_Your instructions_. Reproduce the entries in full. Exclude all images from the copy.

_Data in this exercise_.
* * * * * * *

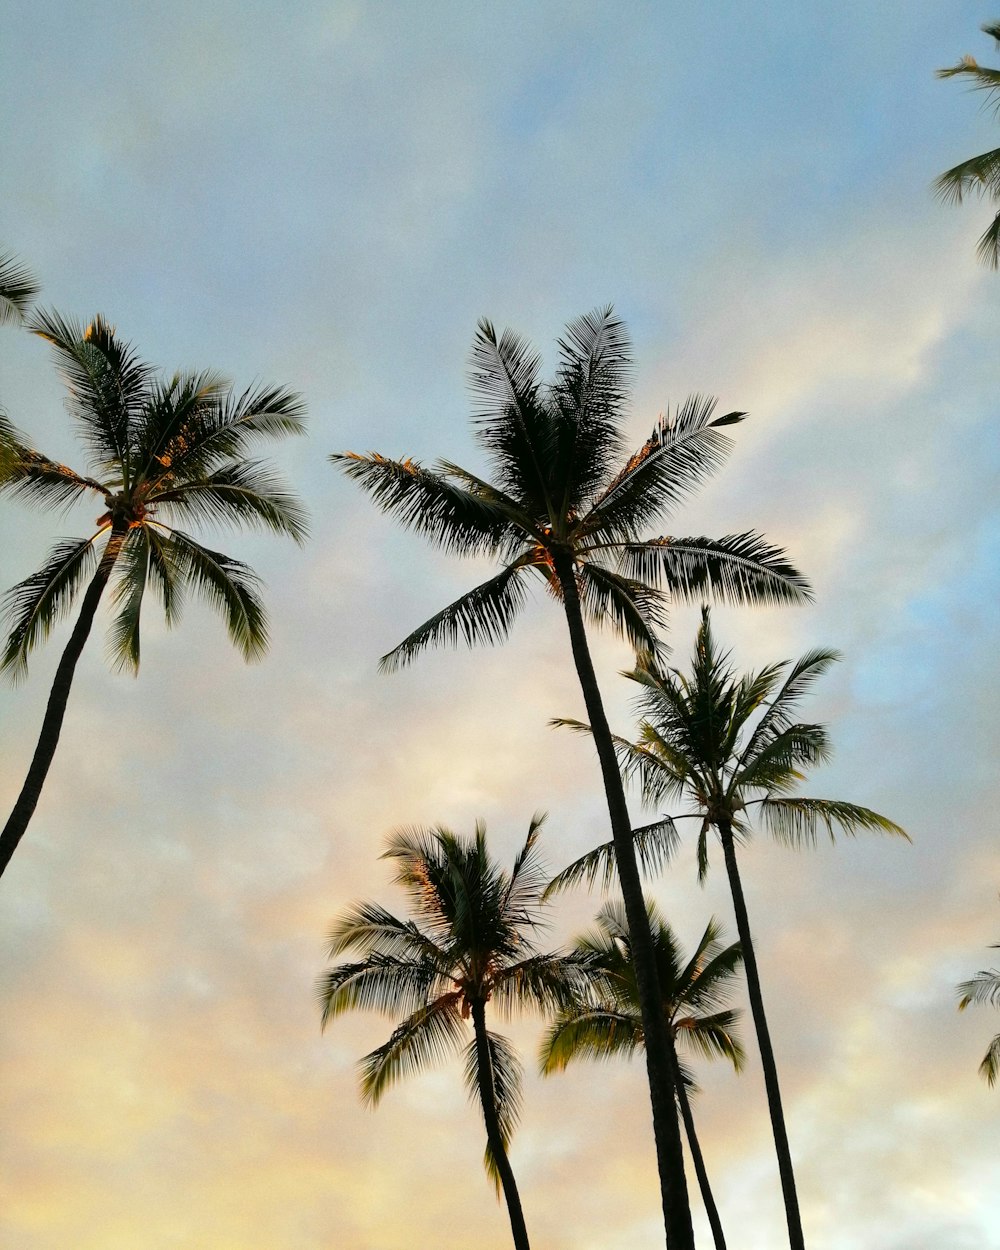 low-angle photography of coconut trees under blue and white skies
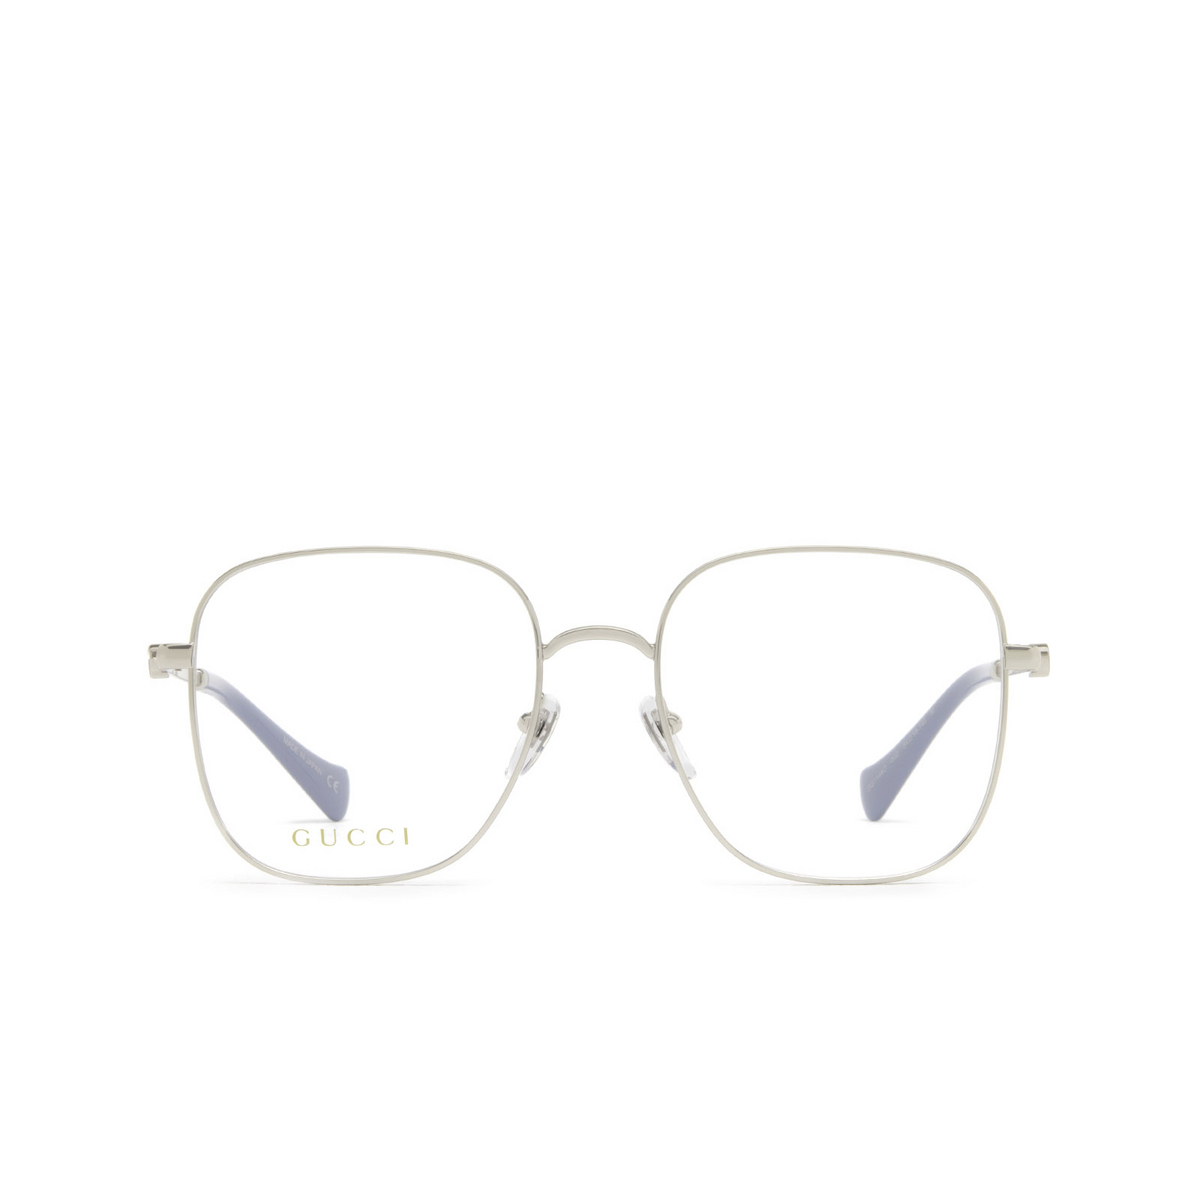 Gucci® Square Eyeglasses: GG1144O color Silver 002 - front view.
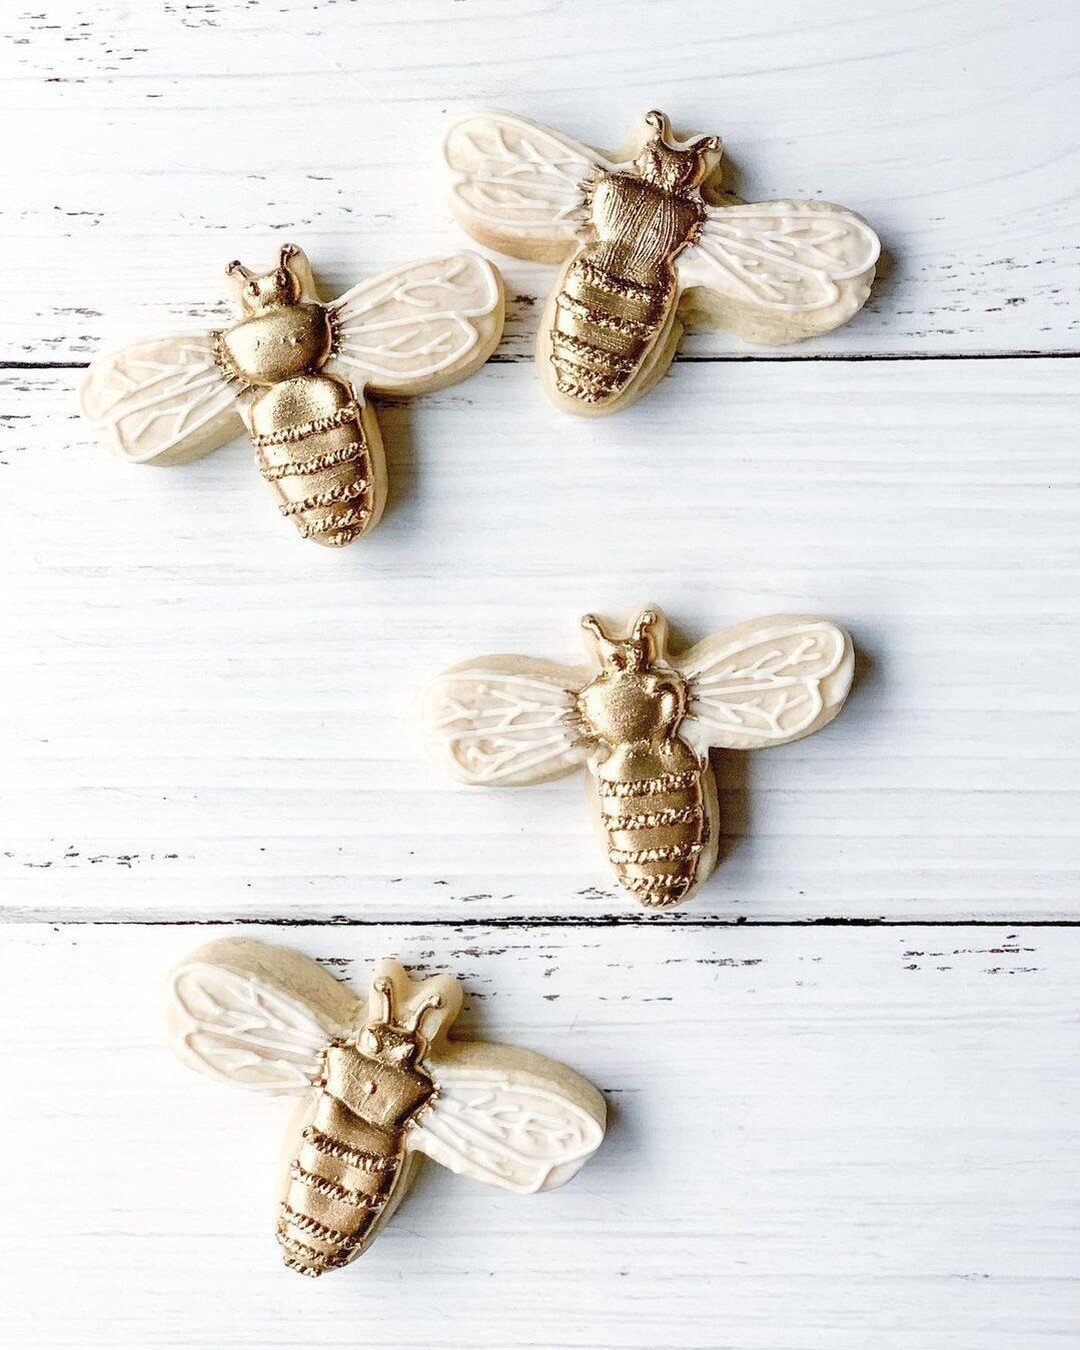 On behalf of all our little workbees, 🐝 we wish you bee-autiful Christmas morning, day and evening! ✨
-
Tag a friend in comments to tell them: ''Bee merry and enjoy yourself.'' 😌
-
Photo by: @bougecookieco
-
#nordichoney #gourmethoney #organicbees

* * * * * * *

_Output for this task_.
 low-angle photography of coconut trees under blue and white skies
 Gucci® Square Eyeglasses: GG1144O color Silver 002 - front view.
 On behalf of all our little workbees, 🐝 we wish you bee-autiful Christmas morning, day and evening! ✨
-
Tag a friend in comments to tell them: ''Bee merry and enjoy yourself.'' 😌
-
Photo by: @bougecookieco
-
#nordichoney #gourmethoney #organicbees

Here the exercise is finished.